Bert no quería perder más tiempo. Metió los artículos sadomasoquistas en el garaje, abrió la portezuela trasera de la camioneta y bajó a Wilt, que cayó al suelo de cemento con un fuerte golpe. Se sentó de nuevo al volante y salió a toda prisa de Leyline Lodge. Hizo muy bien.

En Meldrum Manor, las esperanzas de la señora Meadows de que el humo atrajera a los bomberos habían superado todas sus expectativas. También habían superado sus peores temores. No había tenido en cuenta la exagerada afición de la empleada filipina por los ambientadores exóticos y extremadamente intensos, ni la aversión que les tenía Battleby. Aquella mañana, Battleby había tirado seis latas presurizadas de Flor de Jazmín, Capullo de Rosa y Esplendor Oriental a la basura, y le había prohibido terminantemente comprar más. Como consecuencia de las actividades de Bert Addle, ya no las iban a necesitar. El humo que Bert había encontrado tan satisfactorio cuando empezaron a prender las botas de goma se había convertido, lento pero seguro, en un feroz incendio. Cuando el fuego alcanzó las latas presurizadas, el Esplendor Oriental hizo honor a su nombre y explotó. Las otras latas también explotaron. Con un rugido que lanzó trozos de plástico en llamas por toda la cocina e hizo estallar las ventanas, anunció a Meldrum Slocum que Meldrum Manor se estaba incendiando.

No hacía falta. Las sirenas ya se oían a lo lejos. Los Sawlie salieron atropelladamente a la calle a mirar el resplandor. Detrás de ellos, Martha Meadows se sirvió una buena medida de licor de endrina. ¿Y si le había pasado algo a Bert? Tomó un trago del licor y se puso a rezar.

Martha Meadows estaba en su casa, muy ocupada procurándose una coartada. Había pasado la tarde, como de costumbre, en The Meldrum Arms y luego había invitado al señor y la señora Sawlie a su casa a tomar una copita de licor de endrina que ella misma había hecho el invierno anterior.
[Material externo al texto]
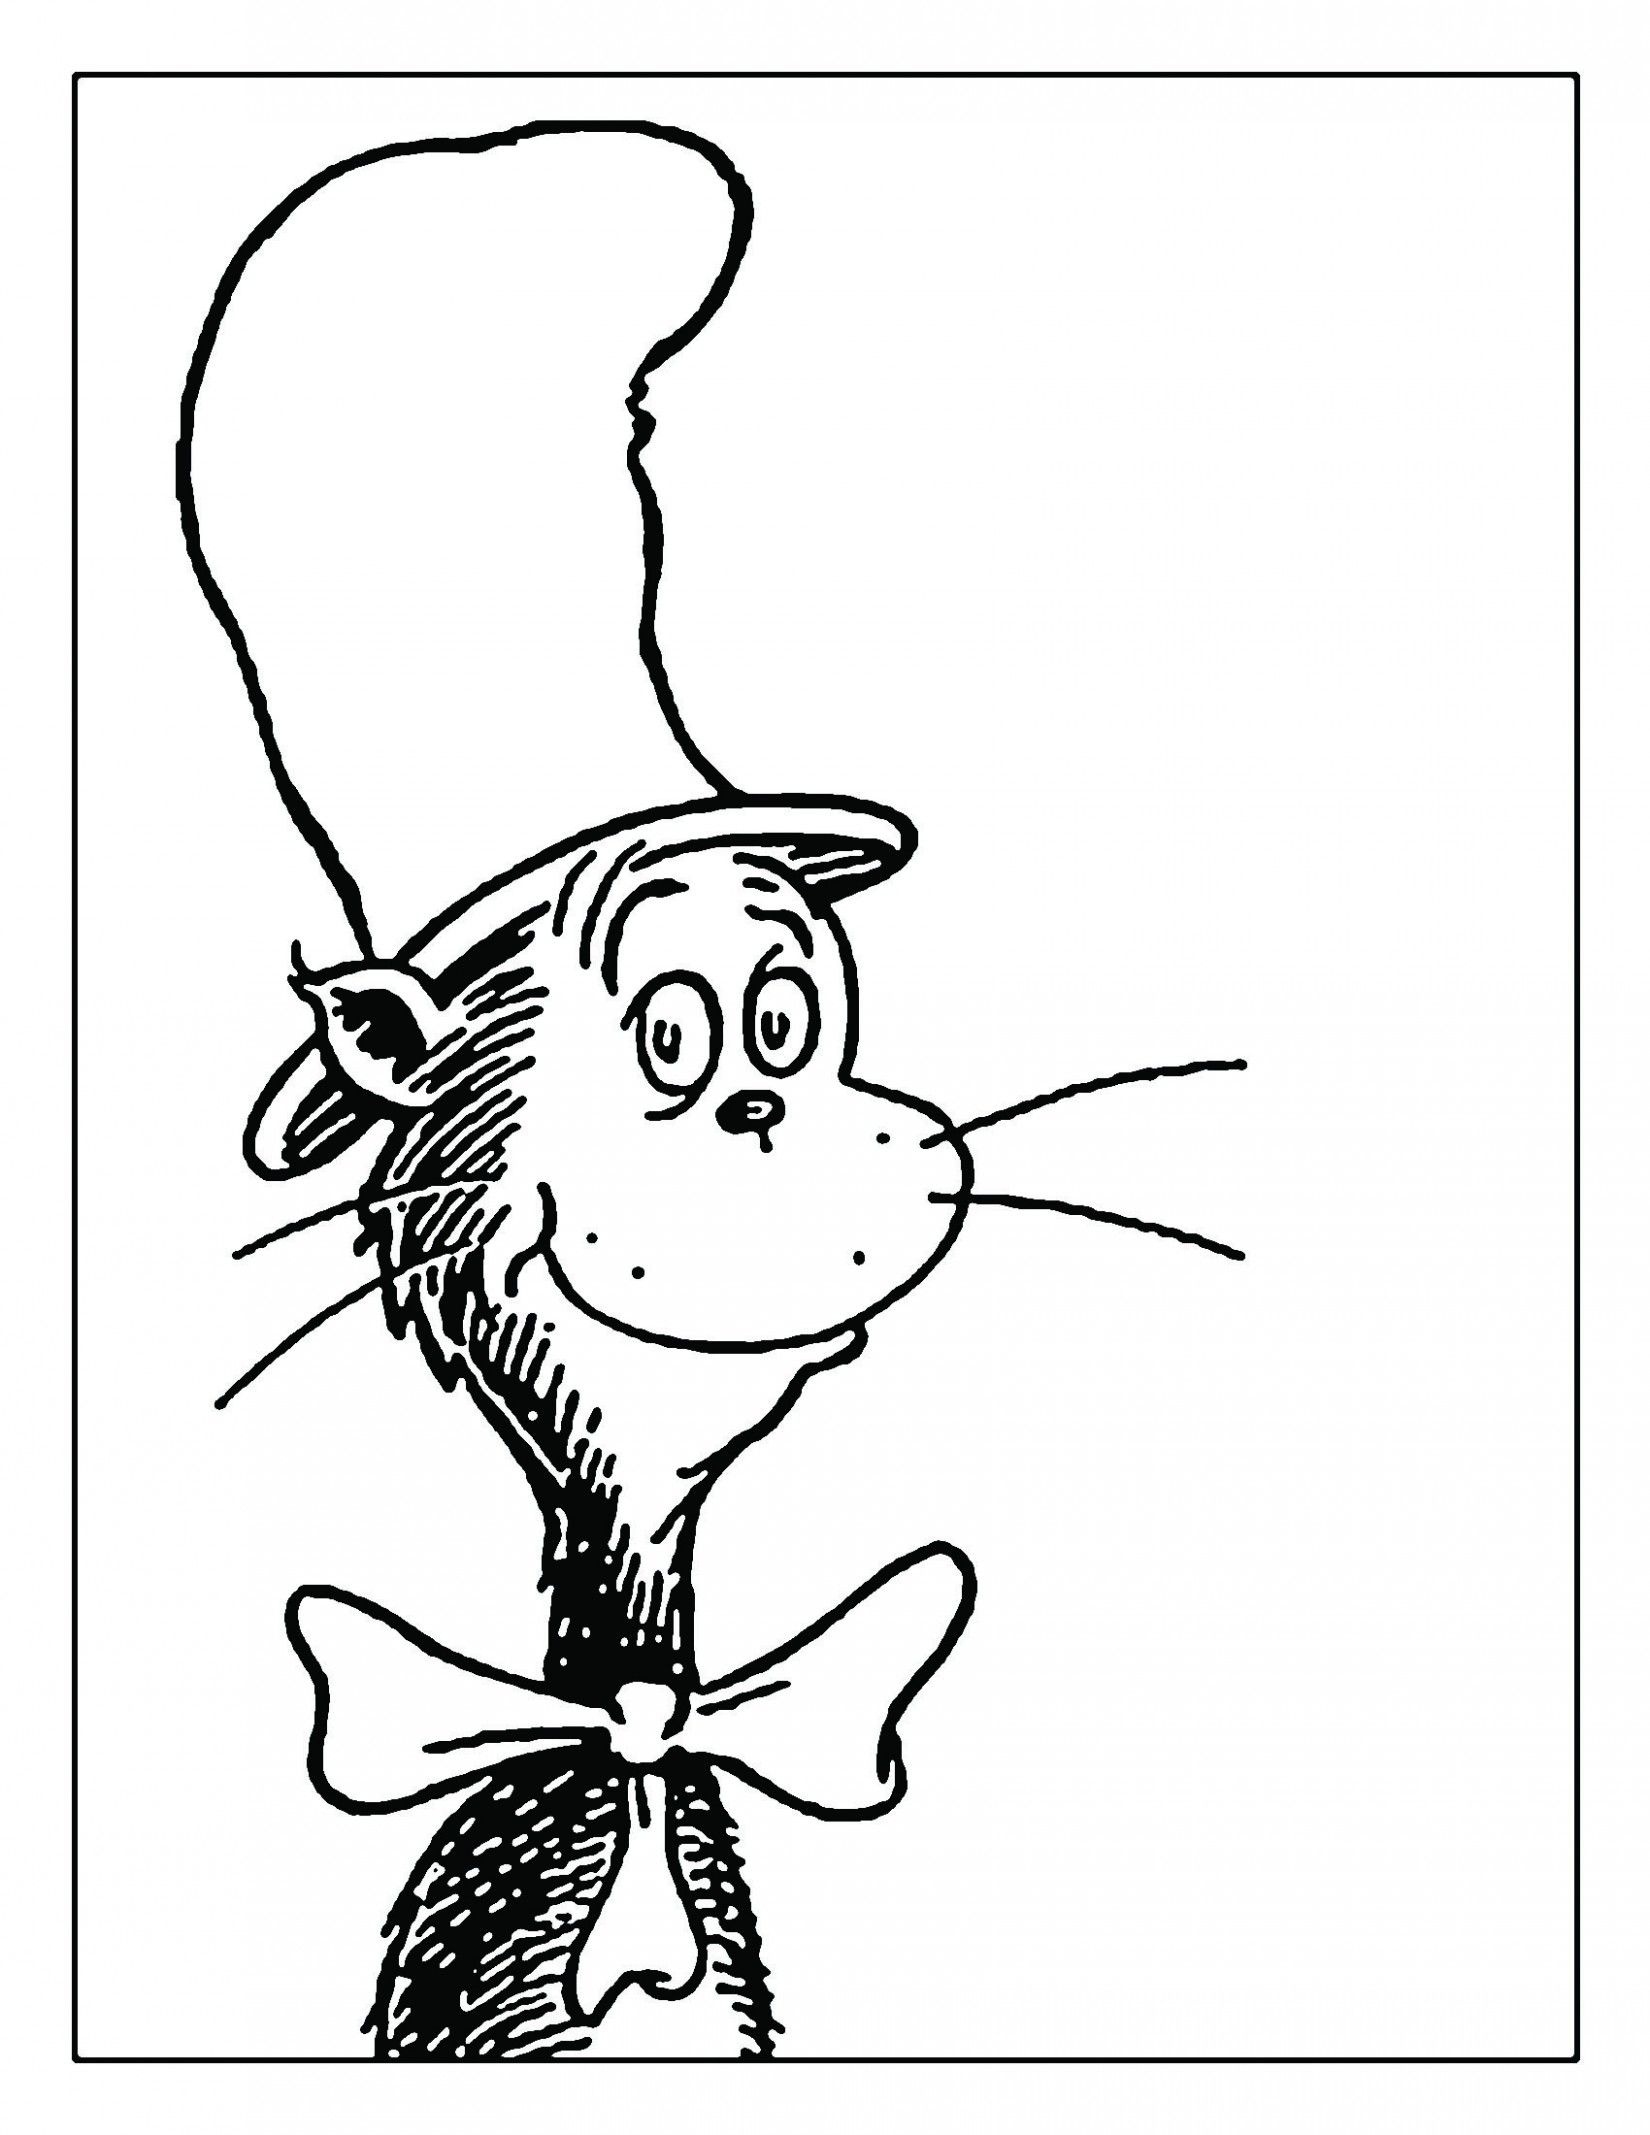 Dr. Seuss Cat In The Hat | -Dr Seuss- | Dr Seuss Coloring Pages, Dr - Free Printable Dr Seuss Characters

Estaban cómodamente sentados delante del televisor cuando explotaron las latas.

—Un coche que petardea —comentó la señora Salwlie.

—A mí me ha parecido más bien algo así como una granada —dijo su marido. El señor Sawlie había luchado en la guerra. Cinco minutos más tarde, la bombona de gas de la cocina alcanzó el punto máximo de calentamiento. Esta vez no cabía duda de que había explotado algo parecido a una bomba. Se vio un resplandor rojizo en Meldrum Manor, y poco después las llamas.

—Que Dios nos asista —dijo el señor Sawlie—. Meldrum Manor está ardiendo. Hay que llamar a los bomberos.